======== TASK INPUTS

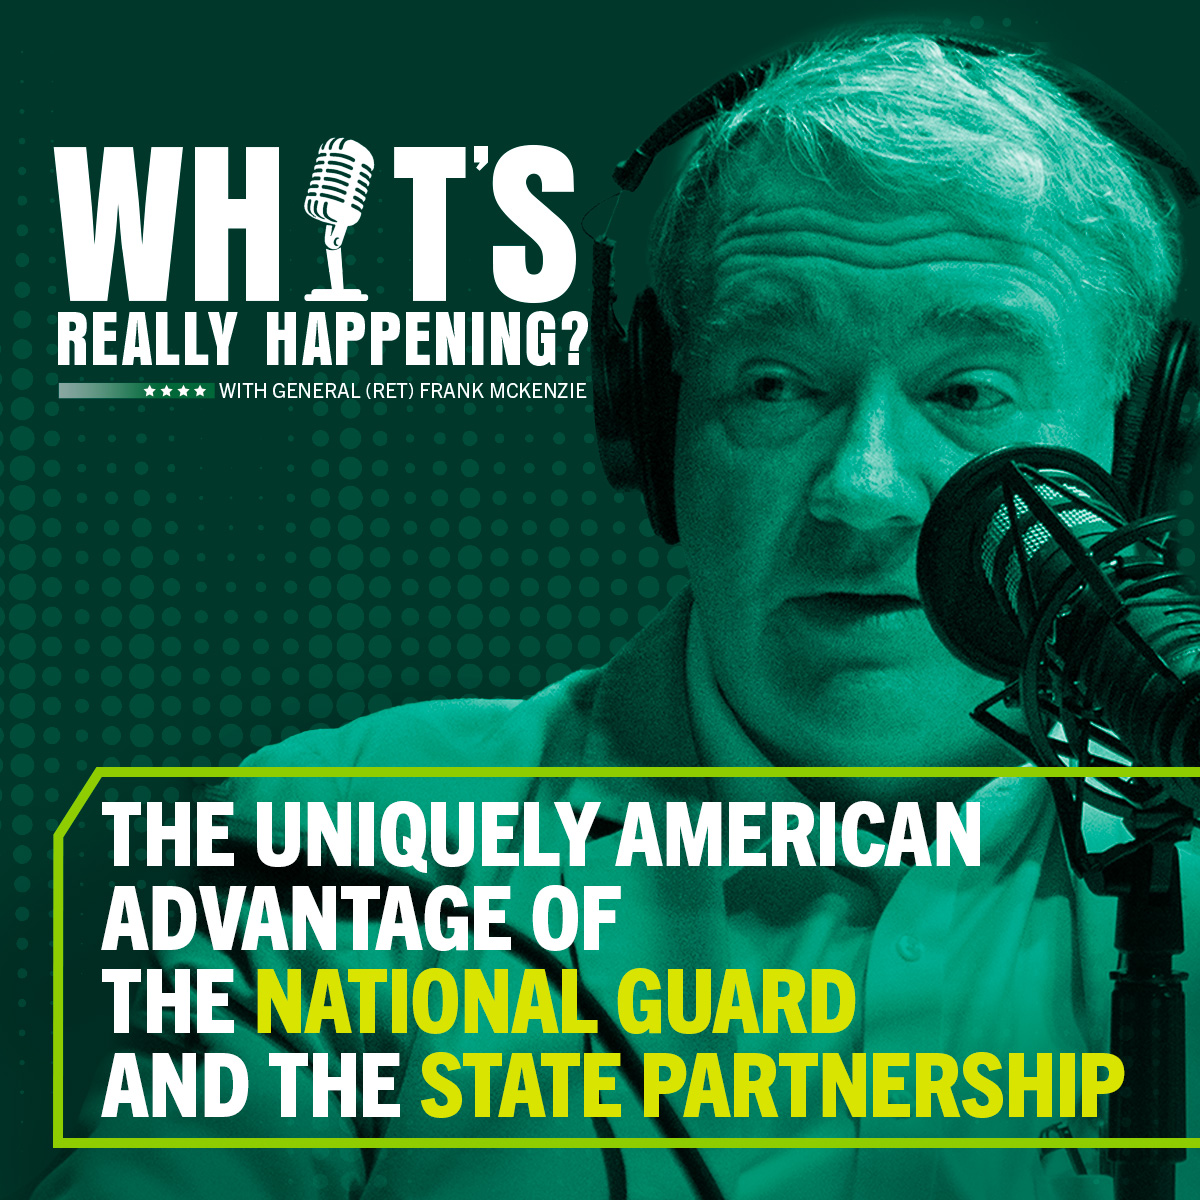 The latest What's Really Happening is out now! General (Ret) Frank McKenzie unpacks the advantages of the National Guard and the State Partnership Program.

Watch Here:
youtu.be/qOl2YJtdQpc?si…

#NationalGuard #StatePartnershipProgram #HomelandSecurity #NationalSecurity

================
======== TASK INPUTS

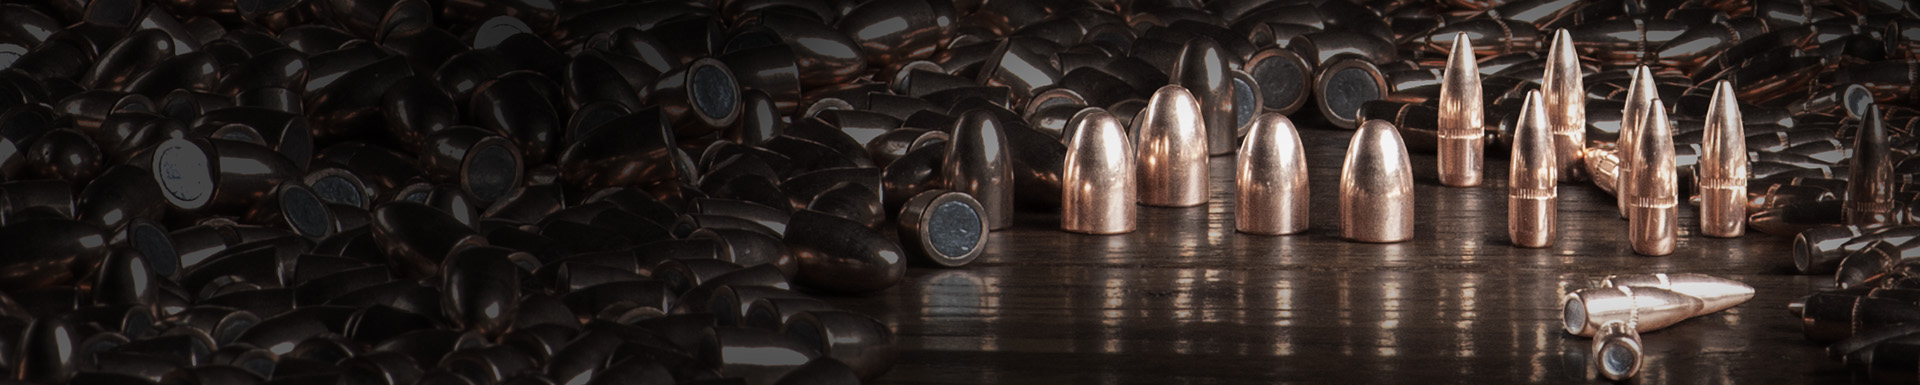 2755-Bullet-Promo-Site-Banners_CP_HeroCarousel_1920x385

================

Within the listing above, the lines starting at the one containing "The latest What's" and ending at the one containing "#NationalGuard #StatePartnershipProgram #HomelandSecurity" are to be returned exactly. Omit the pictures.

 The latest What's Really Happening is out now! General (Ret) Frank McKenzie unpacks the advantages of the National Guard and the State Partnership Program.

Watch Here:
youtu.be/qOl2YJtdQpc?si…

#NationalGuard #StatePartnershipProgram #HomelandSecurity #NationalSecurity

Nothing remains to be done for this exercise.